---- "Phrase Based Indexing and Retrieval" - part of the Google picture?
thegypsy - 6:49 am on Feb 11, 2007 (gmt 0)
Whipping post – strangely it is NOT and addition to any LSA/I technologies. I dare say we may have missed the boat and it never left AdSense/AdWords. This is a standalone method that is far more comprehensive than LSI …. Jim seems to be getting the idea….
Tho following the trail of LSA/I last year did bring me to this.
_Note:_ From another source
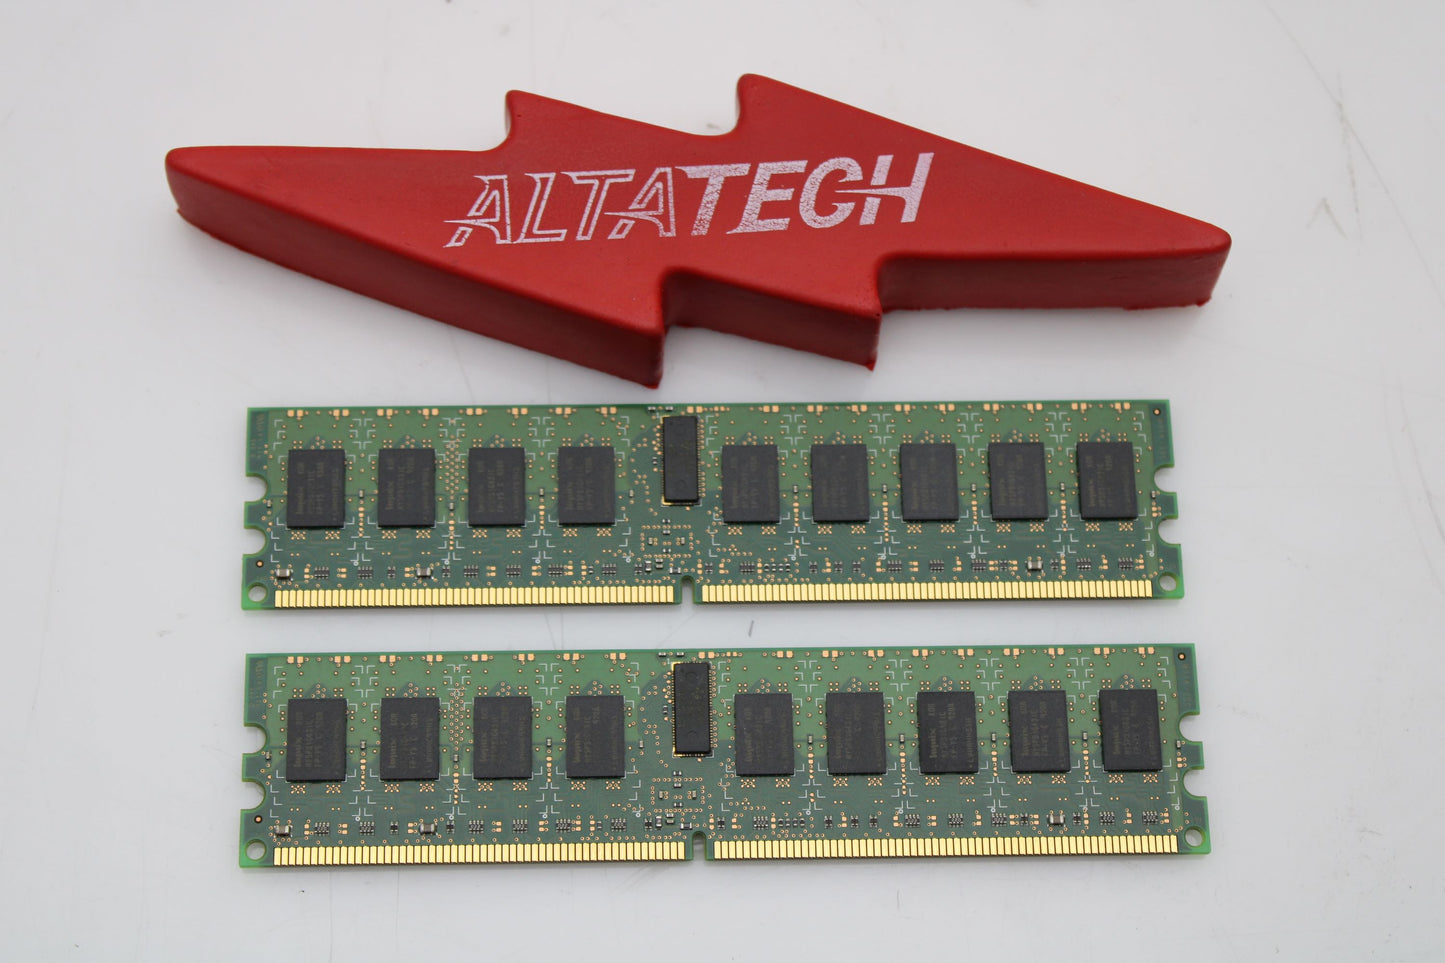 Sun Microsystems X6321A-C 4GB (2x 2GB) PC2-5300P Registered ECC Memory Kit, Used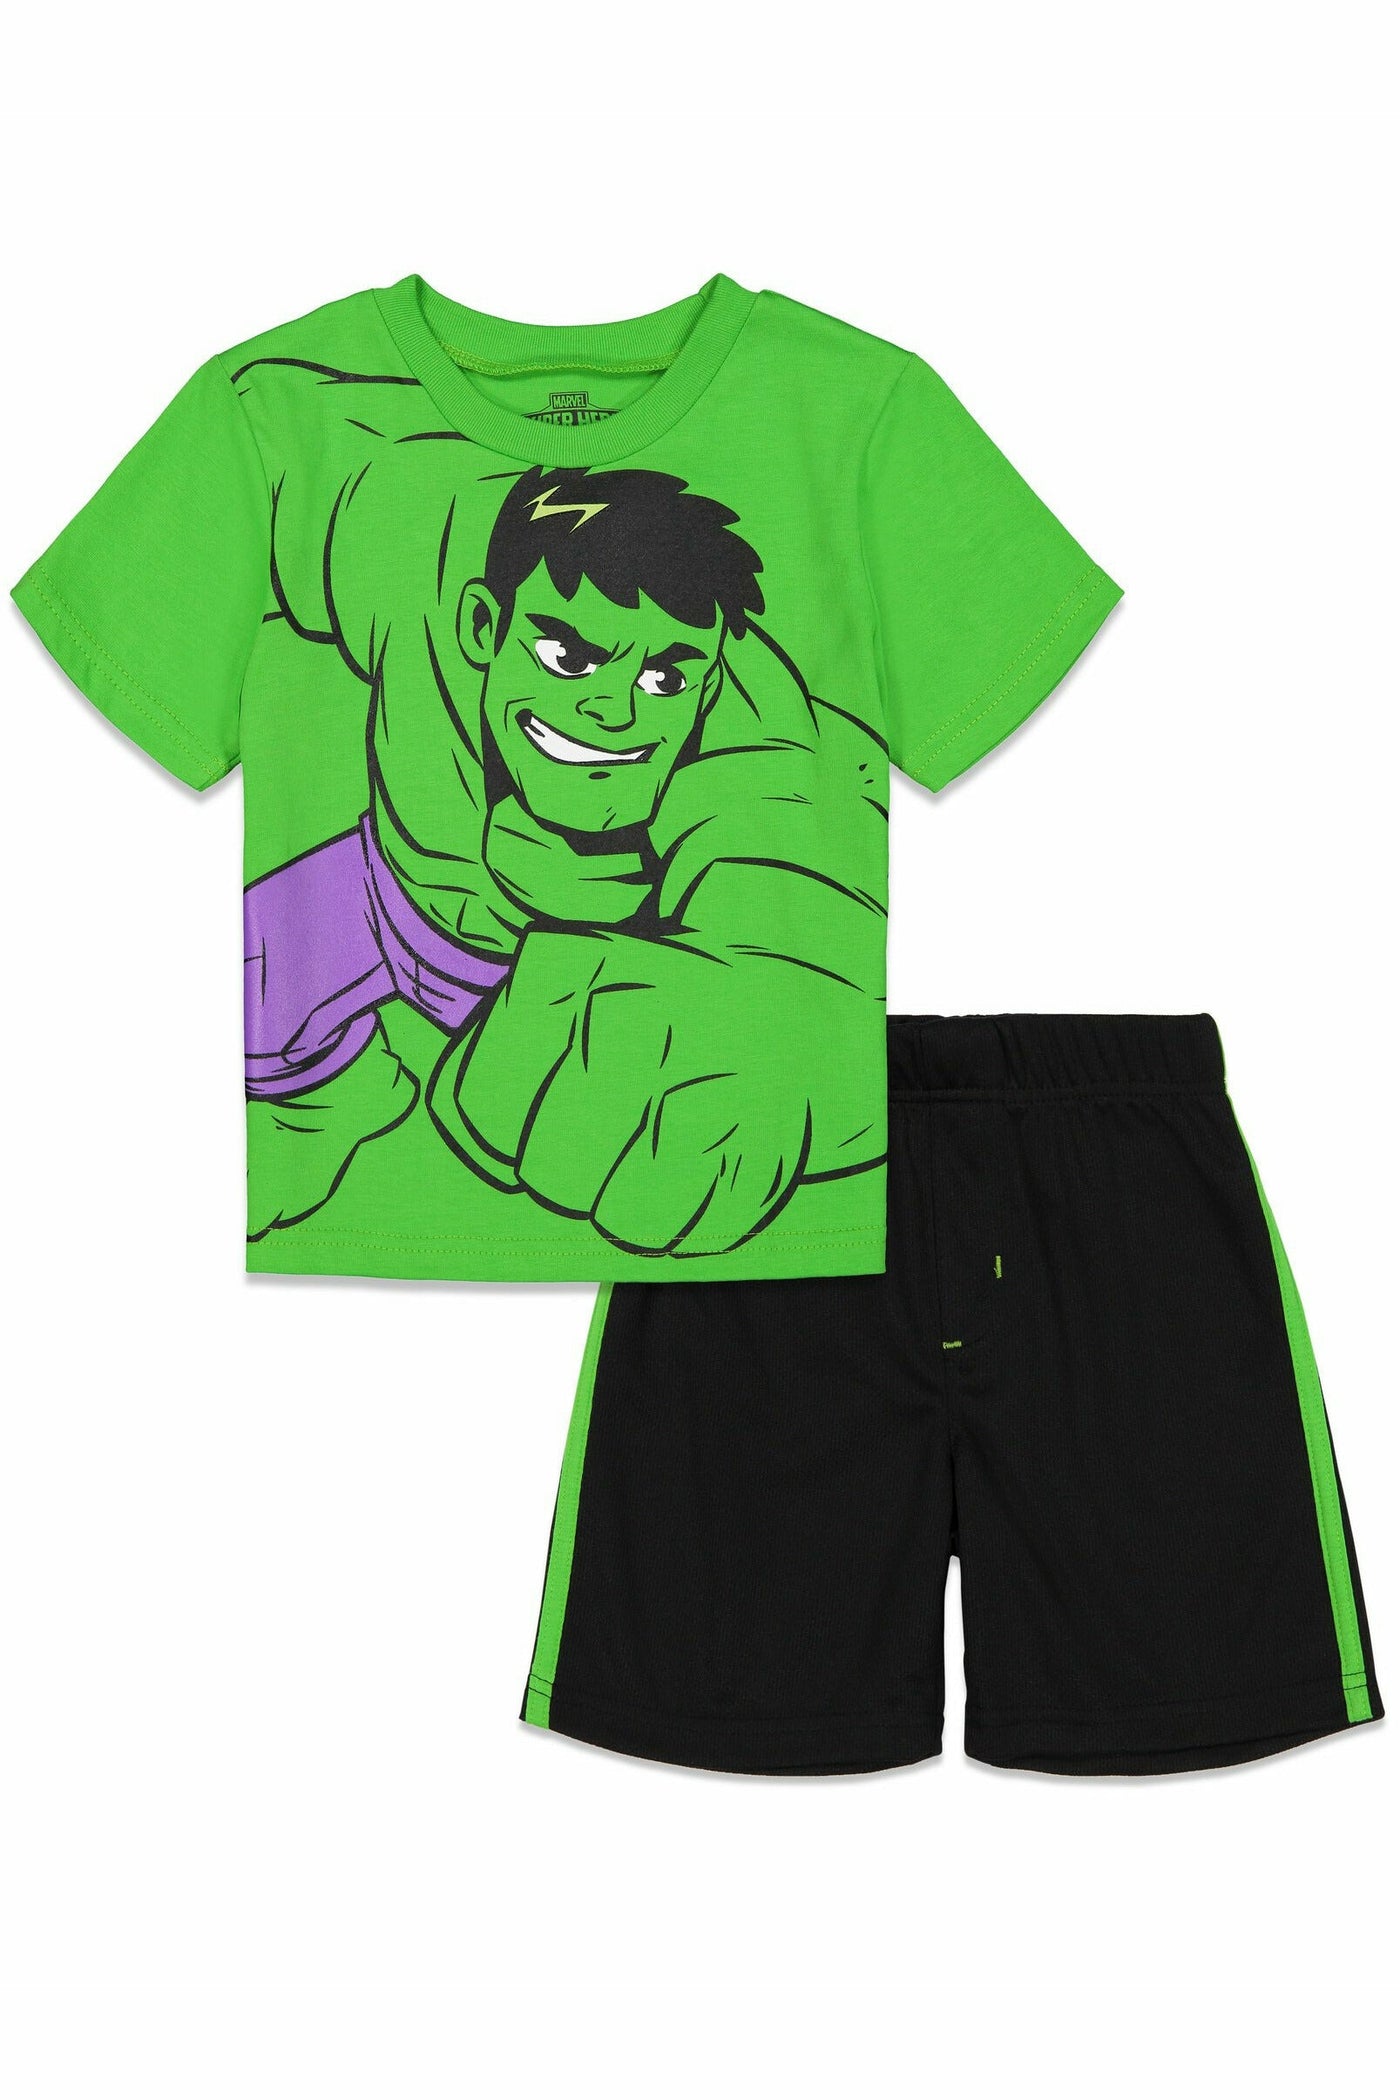 Marvel Avengers Hulk Graphic T-Shirt & Shorts Set

To keep things moving along a snippet from one of the articles – it delves into term extensions. Connecting words that create phrasings and the PaIR basic model for identification
Phrase Extensions and identification Phrase extensions are merely additional words on the core term(s). If we had the core term ‘Baseball Cards’ we could ‘extend’ it with ‘Vintage Baseball Cards’, ‘Buy Vintage Baseball Cards’ and finally ‘Buy Vintage Baseball Cards Online’ – you get the idea. To identify a potential phrase the algo looks at a phrase such as "Hillary Rodham Clinton Bill on the Senate Floor", from which it would take; "Hillary Rodham Clinton Bill on," "Hillary Rodham Clinton Bill," and "Hillary Rodham Clinton". Only the last one is kept. It would also identify "Bill on the Senate Floor" and the inferences down to ‘bill’.
And scoring ranking
In the end it is these related phrase/theme scores that are used in the ranking of documents based on a given search query. The more related phrases and secondary related phrases found in the document for the query phrases would be ranked highest. The semantically topical, relevant page gets the highest ranking.
How about backlinks?
Anchor phrase scoring is also counted in the related query phrase in the text links to other documents. There are 2 scores here being the ‘body’ score and ‘anchor’ score. Greater scoring is obviously given if a good phrase is in the text link as well as on the body of the referenced document. Additionally the anchor text TO your site is also analyzed and scored accordingly under the same methods.
Once again, the PaIR model is FAR more comprehensive in it’s abilities than the LSI model. Was LSA/I used in the Organic SERPs since 2003 (when G purchased Applied Semantics)? Maybe. If this is part of the ‘new’ world, it is one hell of an upgrade…. …and deeper we go….